On lira avec intérêt ce petit ouvrage de Philippe Kaenel. Petit en taille, assez peu illustré, mais fort intéressant. On y découvre l’histoire serpentine de la « caricature » en Suisse. Caricature, dessin satirique et politique, dessin d’humour, presse satirique, sont abordés principalement sous l’angle des auteurs des dessins, de ces « artistes » traversés par les polémiques, les modes artistiques, écartelés entre le localisme suisse et les influences des pays voisins, marqués par le multilinguisme et les soubresauts de l’histoire.

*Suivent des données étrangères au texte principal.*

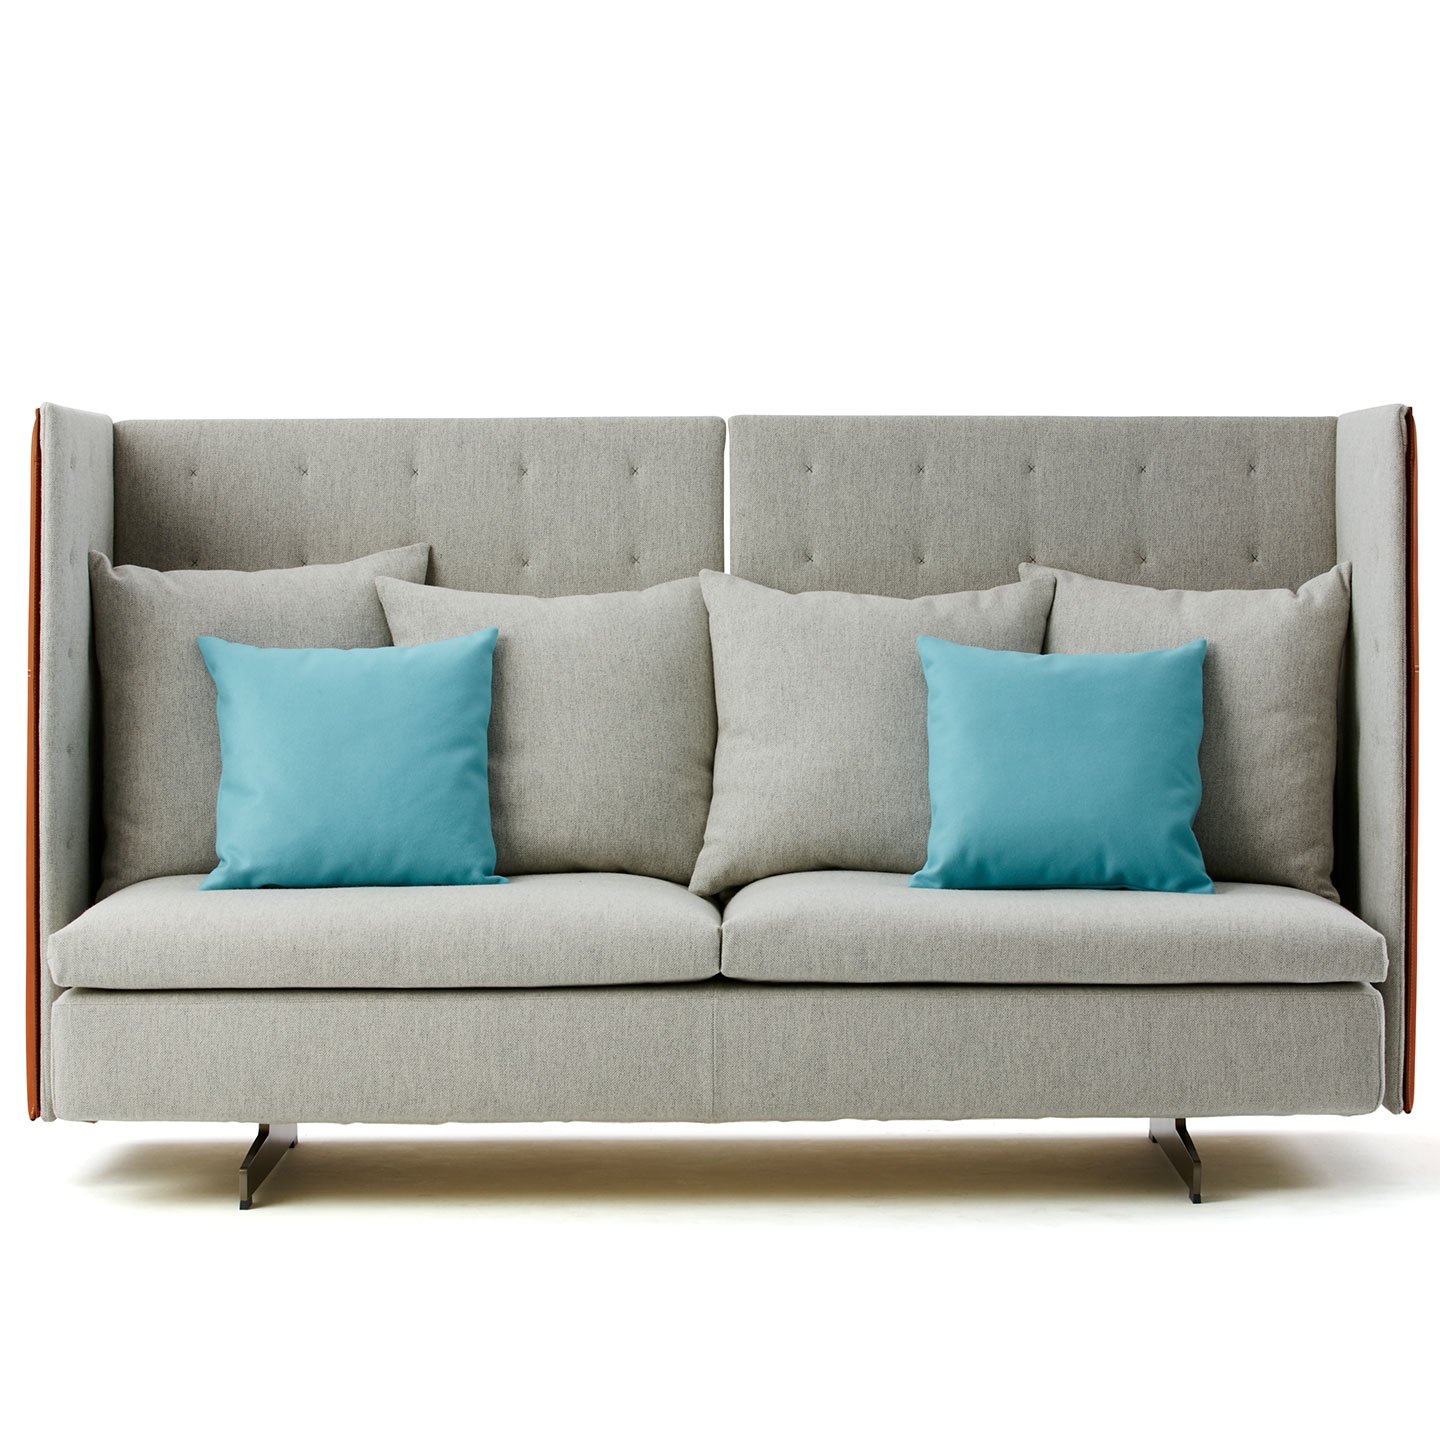 Haworth GranTorino HB Booth in grey color with tall back and grey and blue throw pillows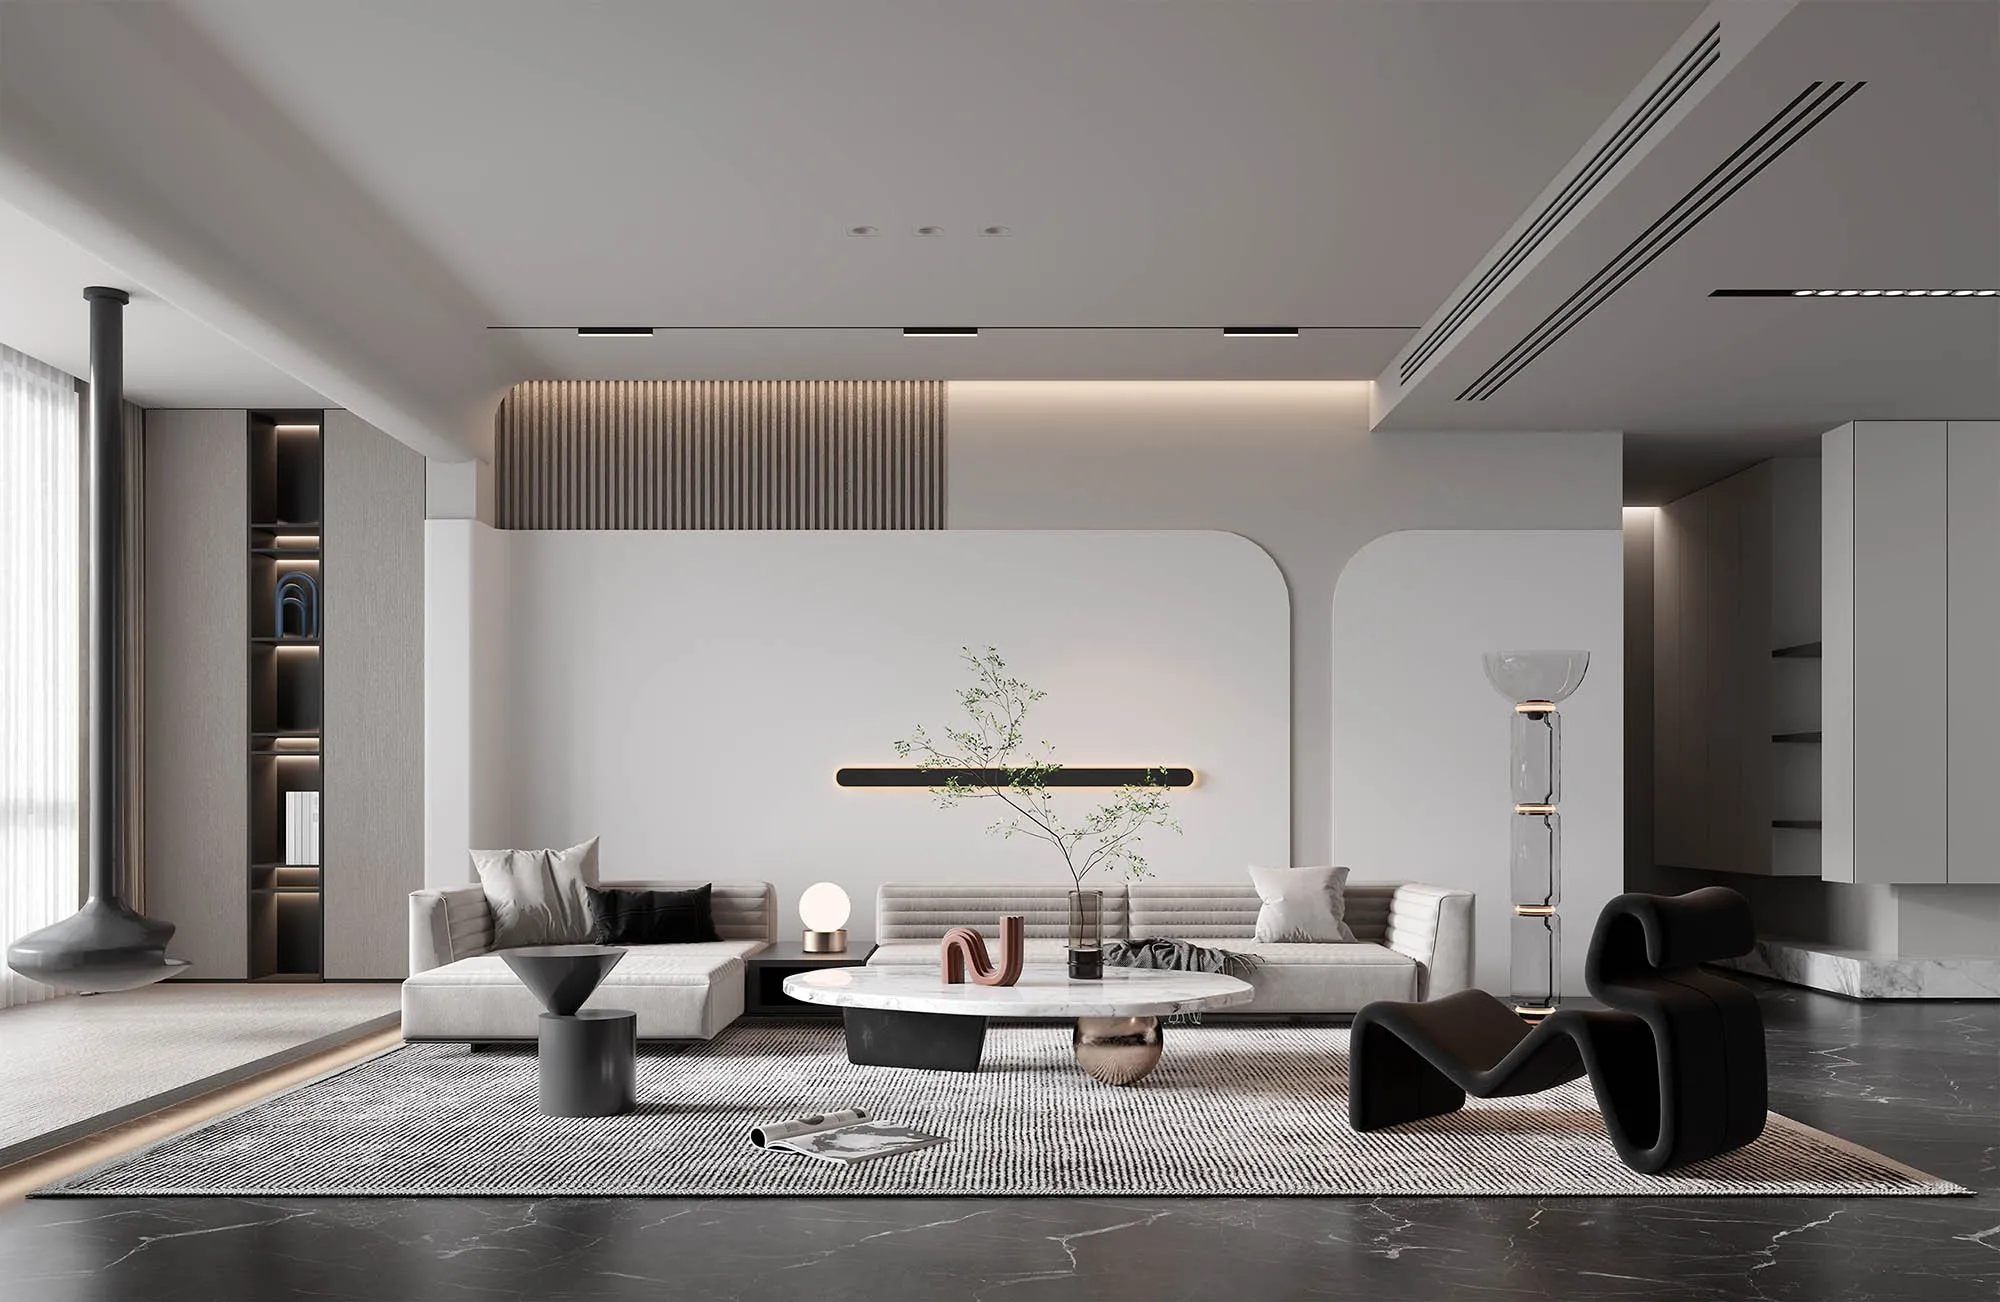 HOUSE SPACE 3D SCENES – LIVING ROOM – 0016

Philippe Kaenel restitue l’émergence d’un genre protéiforme et difficile à cerner, surtout à ses débuts, un genre qui se construit aux marges de l’illustration religieuse, savante, historique, de l’histoire des arts, de la littérature, du théâtre et de l’imprimerie. On ne s’étonnera donc pas de voir l’auteur se focaliser d’abord sur quelques gravures emblématiques, cherchant à déceler les prémices du genre dans des représentations complexes empruntant elles mêmes à la culture des élites. Dans un petit pays enserré entre les « grands » que sont l’Allemagne, la France et l’Italie, la caricature suisse se définit principalement par le jeu des emprunts et des spécificités, par la circulation des codes et des motifs autant que par l’affirmation d’une identité propre. L’histoire de la caricature en Suisse s’écrit donc dans l’Italie des frères Carrache, dans l’Angleterre de Gillray et Hogarth, dans la France de Daumier et Grandville, avant celle de l’Assiette au Beurre puis de Hara-Kiri ou dans l’Allemagne de Luther, Cranach, Durer et plus tard du Kladderadatsch et du Simplicissimus. Par sa perméabilité culturelle et politique, la caricature en Suisse rappelle combien depuis son origine moderne, le genre puise aux sources abondantes et mouvantes de la réplication, de la circulation, de l’emprunt, qui donnent à sa langue même, une dimension rapidement inter-régionale, inter-nationale et donc finalement européenne avant de devenir mondiale au XIXe siècle. Après avoir montré la vitalité de la presse satirique en Suisse depuis le XIXe siècle, souligné l’évolution journalistique du caricaturiste au XXe siècle, l’auteur termine son tour d’horizon par l’évocation de talents connus et « lus » également en France : Steinlen, Vallotton, Masereel, Leiter, Mix et Remix, Pajak, Barrigue, etc, la profession, comme ailleurs, étant largement dominée par les hommes.
Dans cette histoire de la caricature en Suisse, l’auteur choisit donc de valoriser les individus, un parti-pris qui réduit un peu la compréhension du genre comme phénomène social. On peut en effet regretter que Philippe Kaenel, en se focalisant sur les œuvres et les artistes, évoque peu le discours des contemporains sur la caricature elle-même. Au-delà de la réception populaire, toujours délicate à envisager, les commentaires innombrables (des érudits, des journalistes, des observateurs en général) sur la caricature comme genre et comme pratique, par le regard qu’elles induisent et le sens qu’elles donnent aux images ou aux artistes qui les réalisent, sont déterminants dans la perception du public sur une production certes marginale, mais souvent polémique et problématique. Cette dimension aurait par exemple pu être abordée à propos de la Grande Guerre (mais toutes les périodes produisent un métadiscours passionnant sur la caricature), pendant laquelle les pays neutres sont soumis à de rudes pressions de la part de l’Allemagne notamment, alors que les Alliés, de leur côté instrumentalisent la caricature à grande échelle. En Suisse, le dessinateur Pierre Chatillon a été en 1915 une victime des pressions exercées par Guillaume II au nom d’une foi très largement partagée encore aujourd’hui, dans le pouvoir de la caricature.